Removing non-breaking spaces from strings using Python
I am having some trouble with a very basic string issue in Python (that I can't figure out). Basically, I am trying to do the following:
'# read file into a string myString = file.read() '# Attempt to remove non breaking spaces myString = myString.replace("\u00A0"," ") '# however, when I print my string to output to console, I get: Foo **<C2><A0>** Bar
I thought that the "\u00A0" was the escape code for unicode non breaking spaces, but apparently I am not doing this properly. Any ideas on what I am doing wrong?
You don't have a unicode string, but a UTF-8 list of bytes (which are what strings are in Python 2.x).
myString = myString.replace("\xc2\xa0", " ")
Better would be to switch to unicode -- see this article for ideas. Thus you could say
uniString = unicode(myString, "UTF-8") uniString = uniString.replace(u"\u00A0", " ")
and it should also work (caveat: I don't have Python 2.x available right now), although you will need to translate it back to bytes (binary) when sending it to a file or printing it to a screen.
No, u"\u00A0" is the escape code for non-breaking spaces. "\u00A0" is 6 characters that are not any sort of escape code. Read this.

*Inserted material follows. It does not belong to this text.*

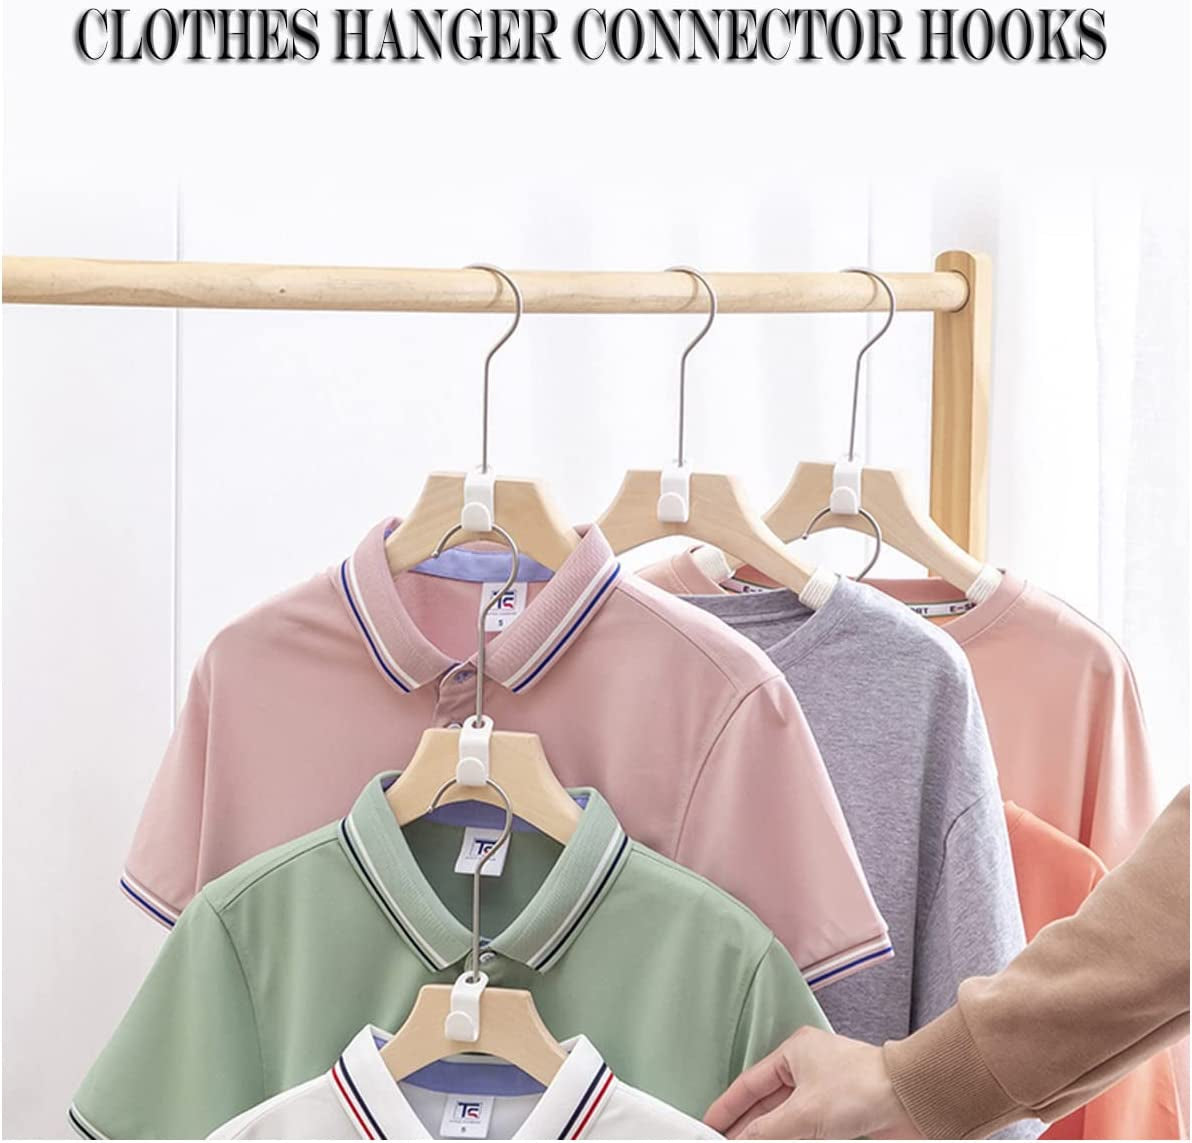 50PCS Clothes Hanger Connector Hooks

I hesitate before adding another answer to an old question, but since Python3 counts a Unicode "non-break space" character as a whitespace character, and since strings are Unicode by default, you can get rid of non-break spaces in a string s using join and split, like this:
s = ' '.join(s.split())
This will, of course, also change any other white space (tabs, newlines, etc). And note that this is Python3 only.
Please note that a simple myString.strip() will remove not only spaces, but also non-breaking-spaces from the beginning and end of myString. Not exactly what the OP asked for, but still very handy in many cases.

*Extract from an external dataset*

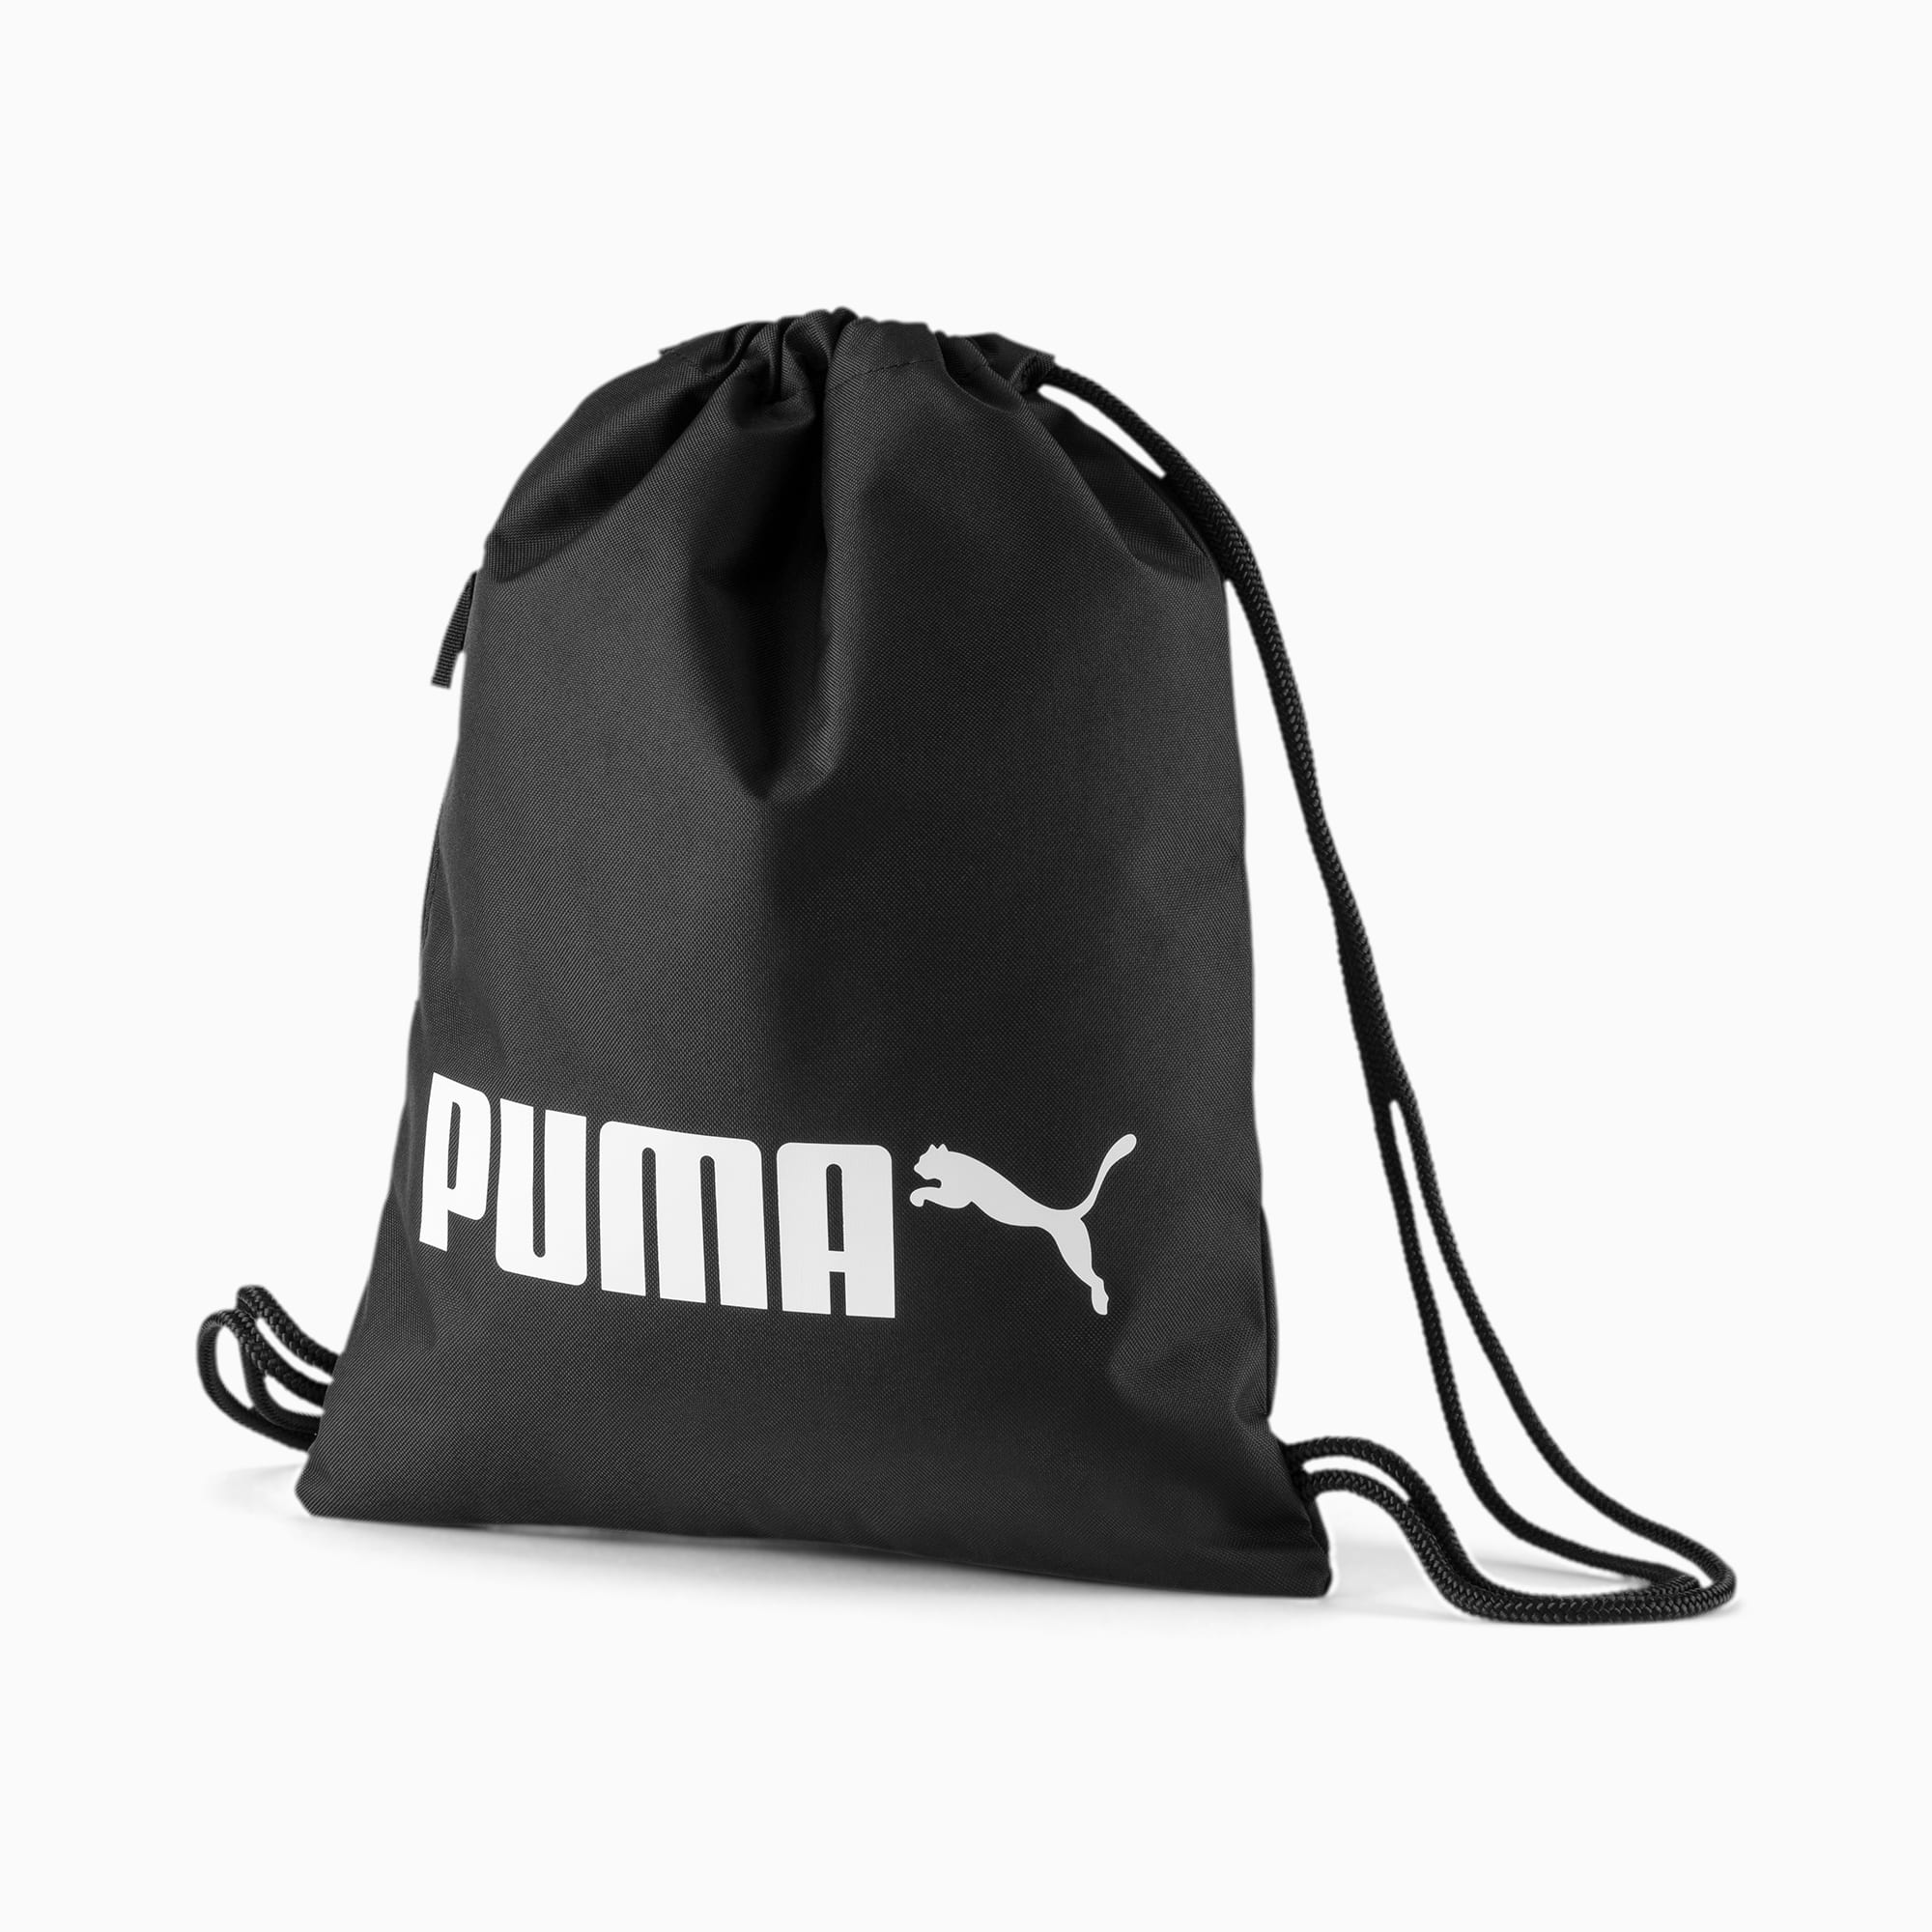 puma gym bags

There is no indication in what you write that you're necessarily doing anything wrong: if the original string had a non-breaking space between 'Foo' and 'Bar', you now have a normal space there instead. This assumes that at some point you've decoded your input string (which I imagine is a bytestring, unless you're on Python 3 or file was opened with the function from the codecs module) into a Unicode string, else you're unlikely to locate a unicode character in a non-unicode string of bytes, for the purposes of the replace. But still, there are no clear indications of problems in what you write.

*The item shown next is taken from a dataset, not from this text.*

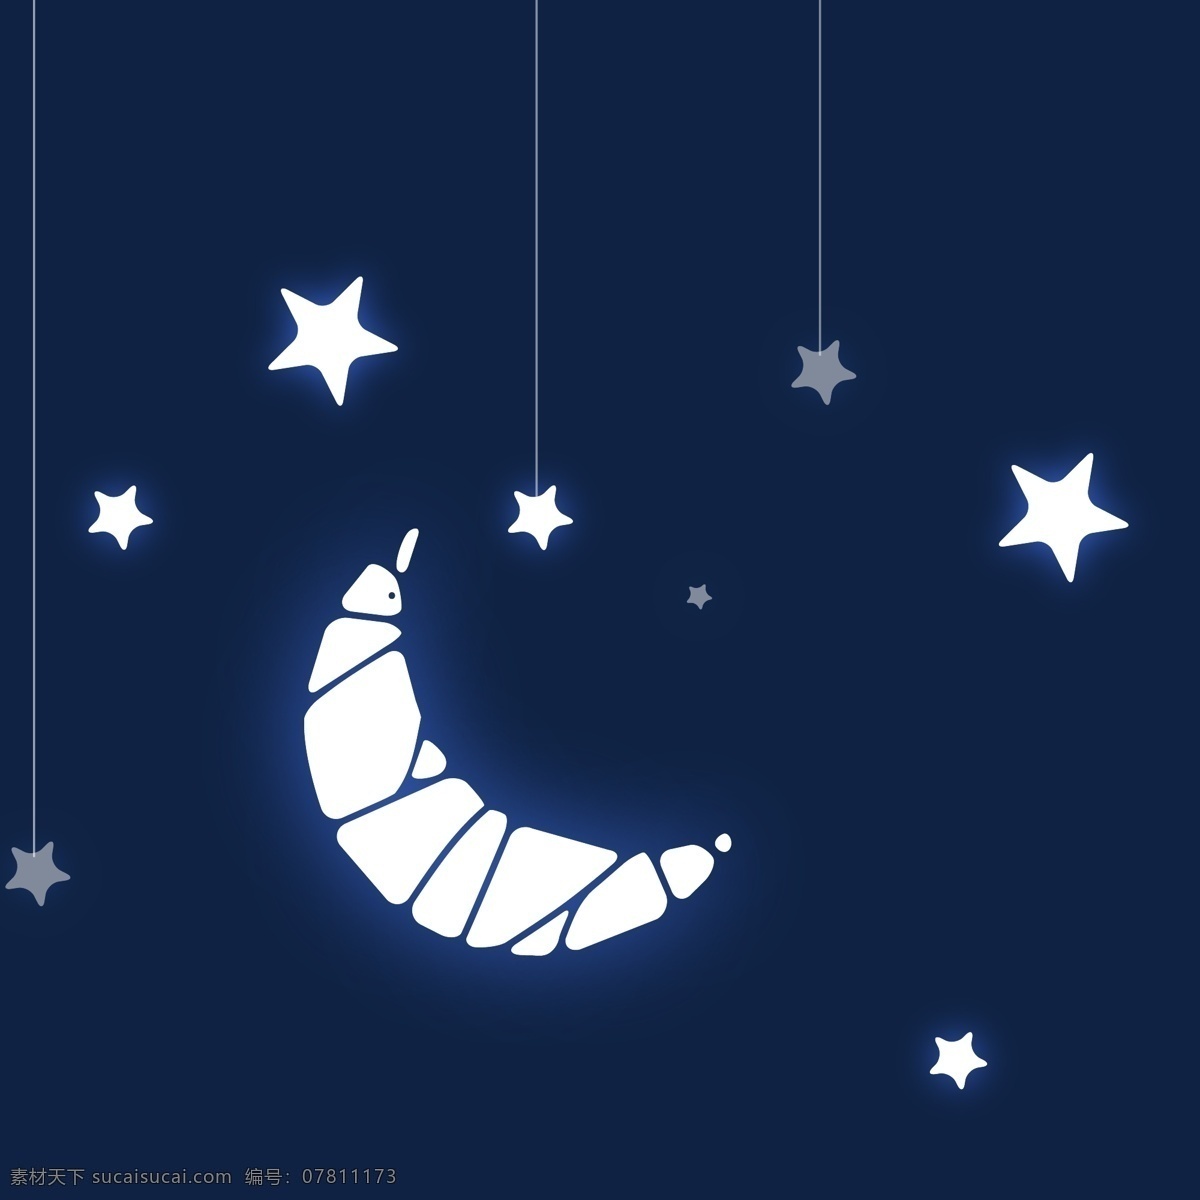 月亮 星空 背景图片 超 清 月亮素材 蓝色背景 抽象素材 广告背景 模板设计 版面设计背景

Can you clarify what's the input (print repr(myString) just before the replace) and what's the output (print repr(myString) again just after the replace) and why you think that's a problem? Without the repr, strings that are actually different might look the same, but repr helps there.
You can simply solve this issue by enforcing the encoding.
cleaned_string = myString.encode('ascii', 'ignore')